Семен дернулся и неуклюже, как-то боком, отступил в сторону. Лицо его стало землистым, руки дрожали.
Все это произошло в одно мгновение, и, когда Клаша опомнилась, полковник уже шагал к выходу.
— У нас вот такой же гад капитан на корабле был. Ох и мордовал матросиков! — сказал кто-то сзади.
Когда Клаша вместе со всеми вышла из Чудова монастыря, на улице уже начинало темнеть. Где-то в глубине Кремля глухо и монотонно звонили ко всенощной. По площади торопливо пробежали два монаха. Широкие полы их черных ряс раздувались по ветру.
— И что шмыгают, черти долгогривые! — со злобой сказал дядя Семен.
Около Троицких ворот уже прохаживались солдаты — часовые.
На кремлевской стене с винтовкой в руке стоял матрос.
— Сейчас, товарищи, будет митинг, — сказал комиссар.
Бойцы собрались в огромном сводчатом зале Арсенала. Здесь был латышский отряд, тот, что дрался около Ильинских ворот. Здесь были рабочие-красногвардейцы из Хамовников, из Иванова-Вознесенска, с Прохоровки, матросы и солдаты из Питера.

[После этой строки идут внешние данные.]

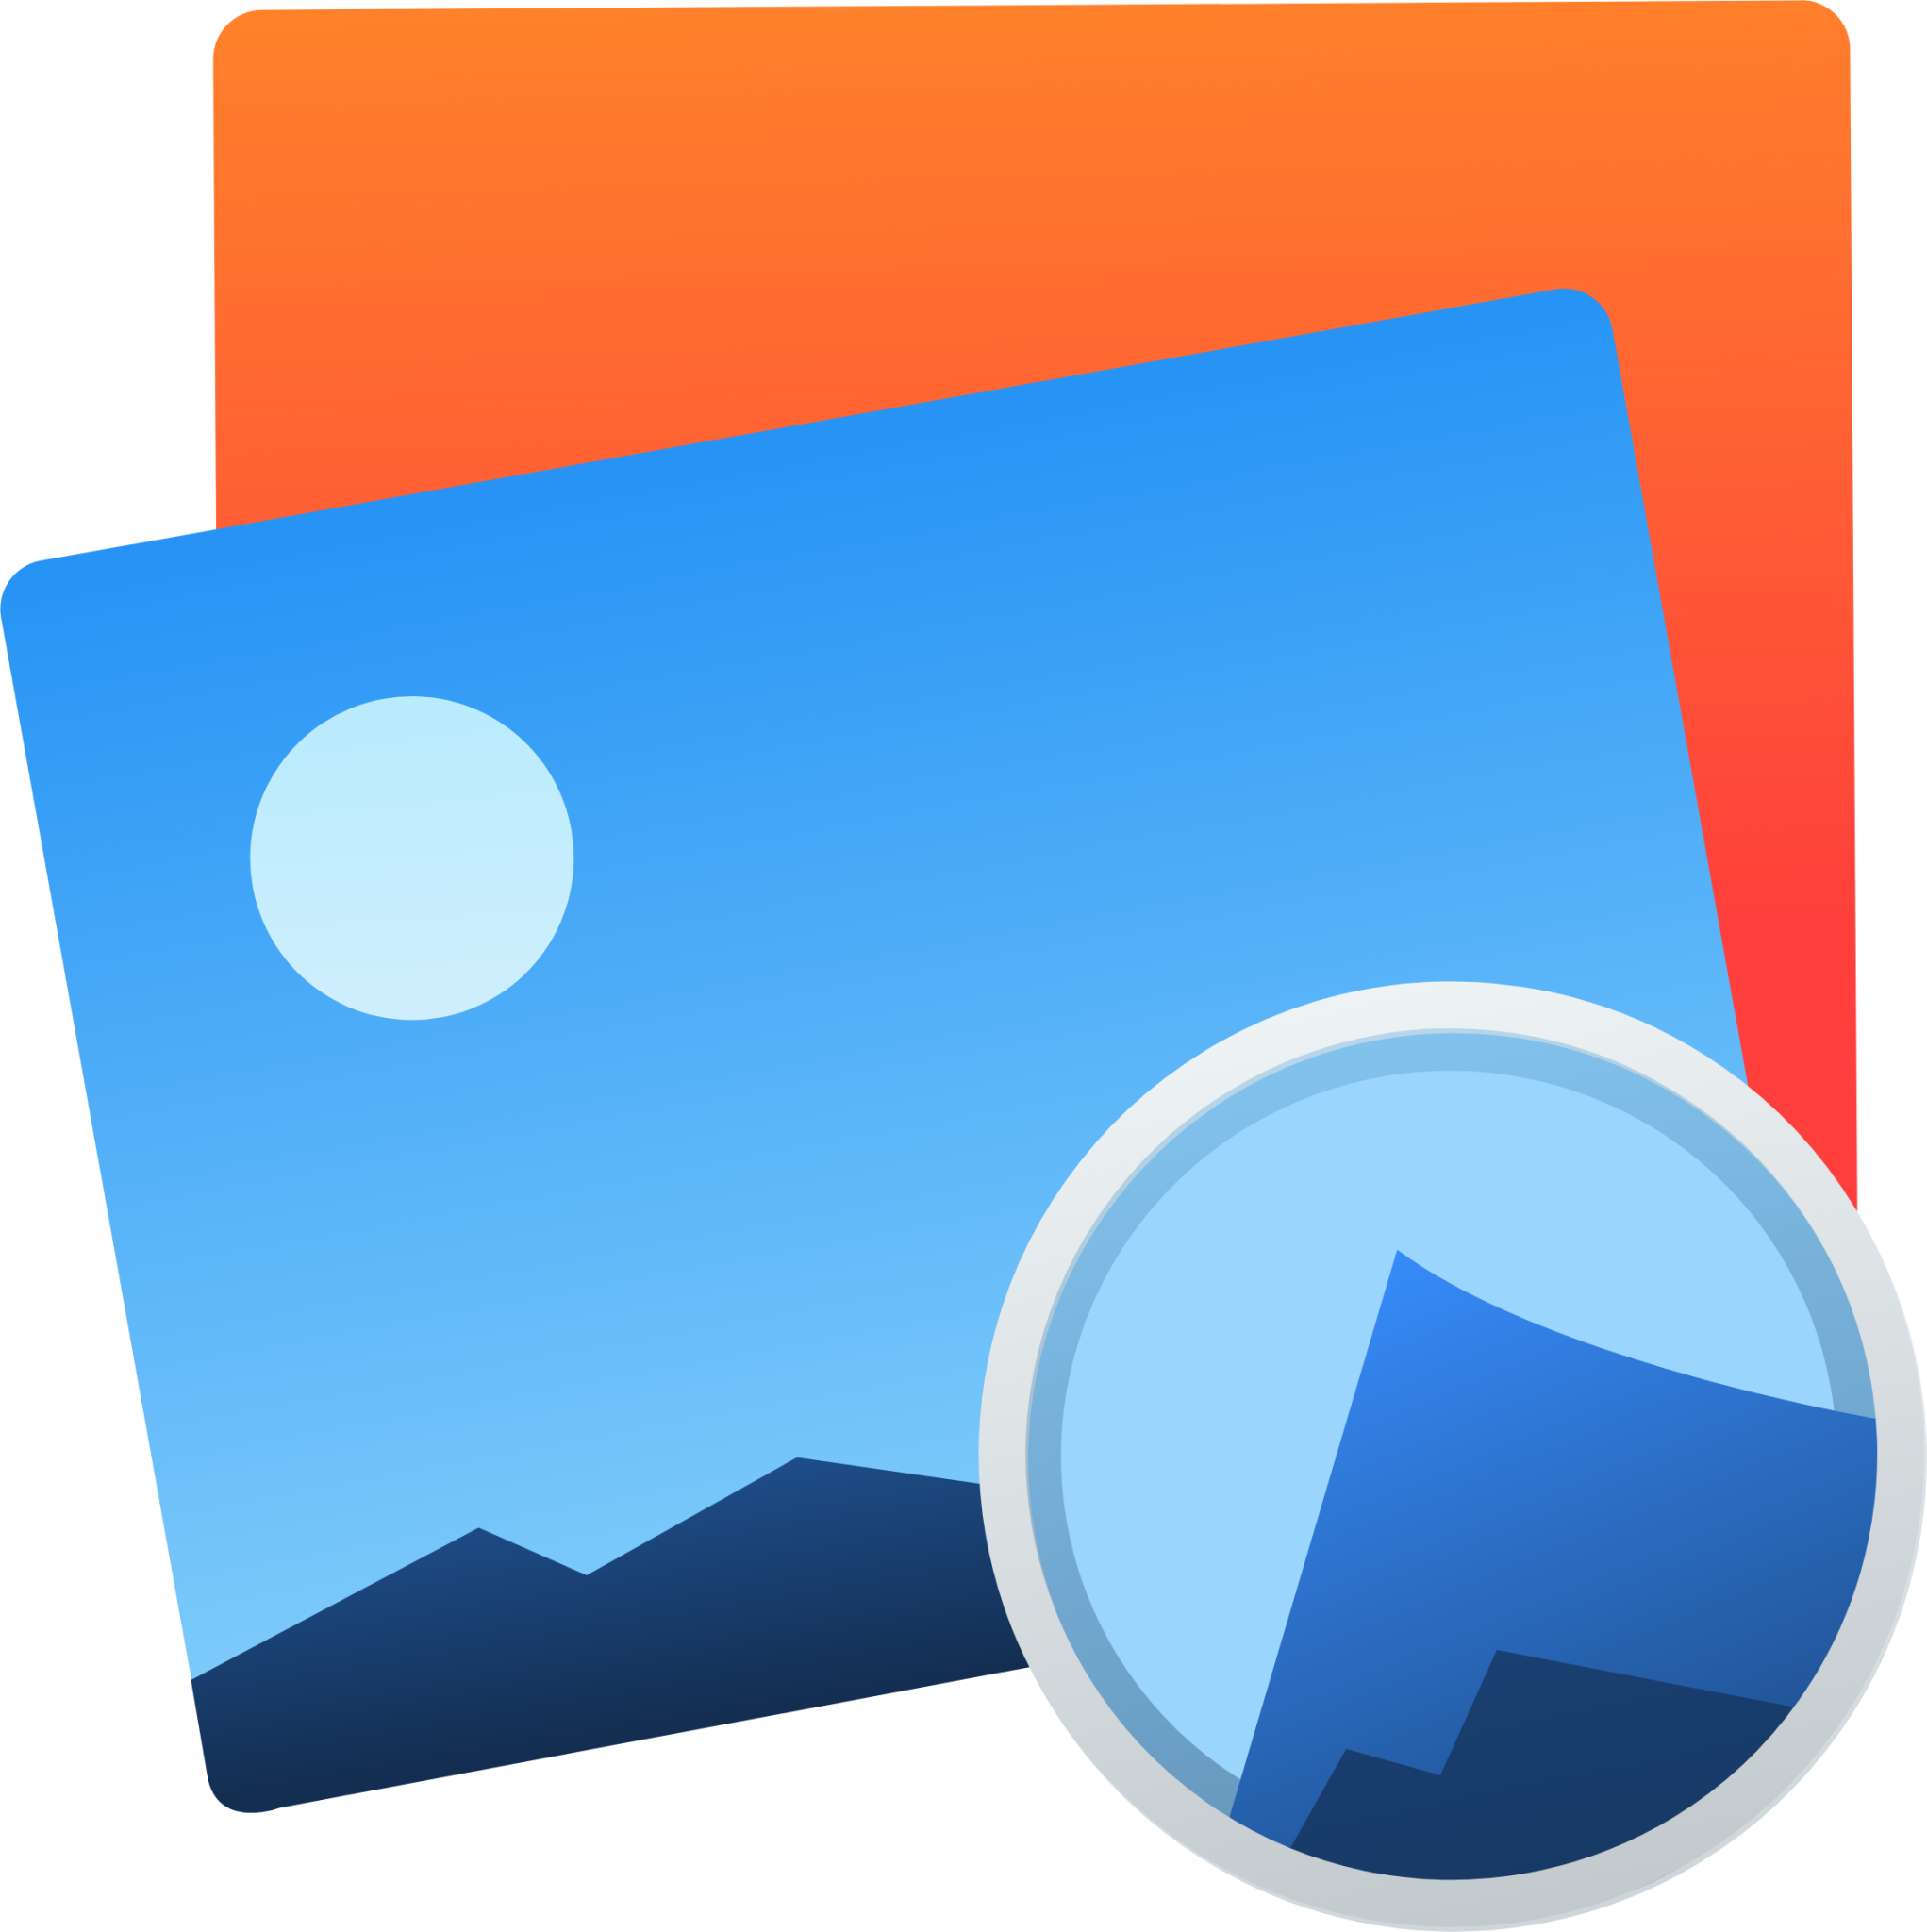 accessories image viewer icon

Грязные, усталые бойцы жадно слушали комиссара.
— Сегодня, после пятидневного кровавого боя, наши враги — офицеры и юнкера — разбиты наголову. Кремль взят. Офицеры сдались и обезоружены. В Москве отныне утверждается народная власть, власть Советов рабочих, крестьянских и солдатских депутатов. Это — власть мира и свободы. Всякий, кто поднимет руку против этой власти, будет сметен революционным народом. Рабочие и солдаты завоевали свободу своей кровью, и они не выпустят ее из своих рук.
Комиссар кончил говорить, и Клаша увидела, как из толпы кто-то поспешно пробирается к нему. Она узнала дядю Семена. Он был без шапки, бледный, в расстегнутой шипели.
— Слово имеет солдатский депутат девятнадцатого сибирского стрелкового полка Семен Мурашов, — сказал комиссар.
— Товарищи солдаты и красногвардейцы! Товарищи матросы! — начал громко и раздельно дядя Семен и вдруг замолчал.
Он переступил с ноги на ногу, глубоко вздохнул и обвел глазами высокий сводчатый зал Арсенала. Перед ним, опираясь на винтовки, в грязных шинелях и в ватных кацавейках, в морских форменках стояли бойцы и ждали.
«Ой, неужели ничего не скажет?» — замерла Клаша.
Дядя Семен расстегнул пуговицу на своей гимнастерке и облизнул сухие губы.
— Давай, Мурашов! Давай! — крикнул кто-то из задних рядов.
Дядя Семен точно ждал этих слов. Он выпрямился и подался весь вперед.
— Правильно здесь говорил товарищ комиссар! — выкрикнул он. — Правильно! Я вот про себя, конечно, скажу. Я двадцать девять годов на свете прожил. А как я их жил? Как?..
Дядя Семен заговорил быстро и горячо. Он торопился, ему не хватало слов, но он не смущался своей нескладной и взволнованной речью. Он видел, как серьезно и внимательно слушают его бойцы. Тишина была в огромном зале Арсенала, переполненном людьми.
Семен вспомнил голодное, безрадостное детство, когда после смерти отца больная мать послала его и двух сестренок просить милостыню. Зимой у них на троих была одна пара залатанных валенок. Восьми лет он нанялся в пастухи к богатому и прижимистому мужику Вишнякову, прозванному в деревне за жадность и скопидомство Сундуком. Немало доставалось Сеньке от хозяина оплеух и затрещин за проклятых гулён-коров, которые иной раз пропадали по два, а то и по три дня. Немало натерпелся он страха и от сундуковского быка — злого и бодучего Яшки, который так и норовил пырнуть его рогом.
До двадцати лет маялся Семен в батраках. Потом его забрали на «действительную». Три года выносил он тупую и жестокую муштру, и даже во сне ему чудился сердитый окрик фельдфебеля и звон офицерских шпор.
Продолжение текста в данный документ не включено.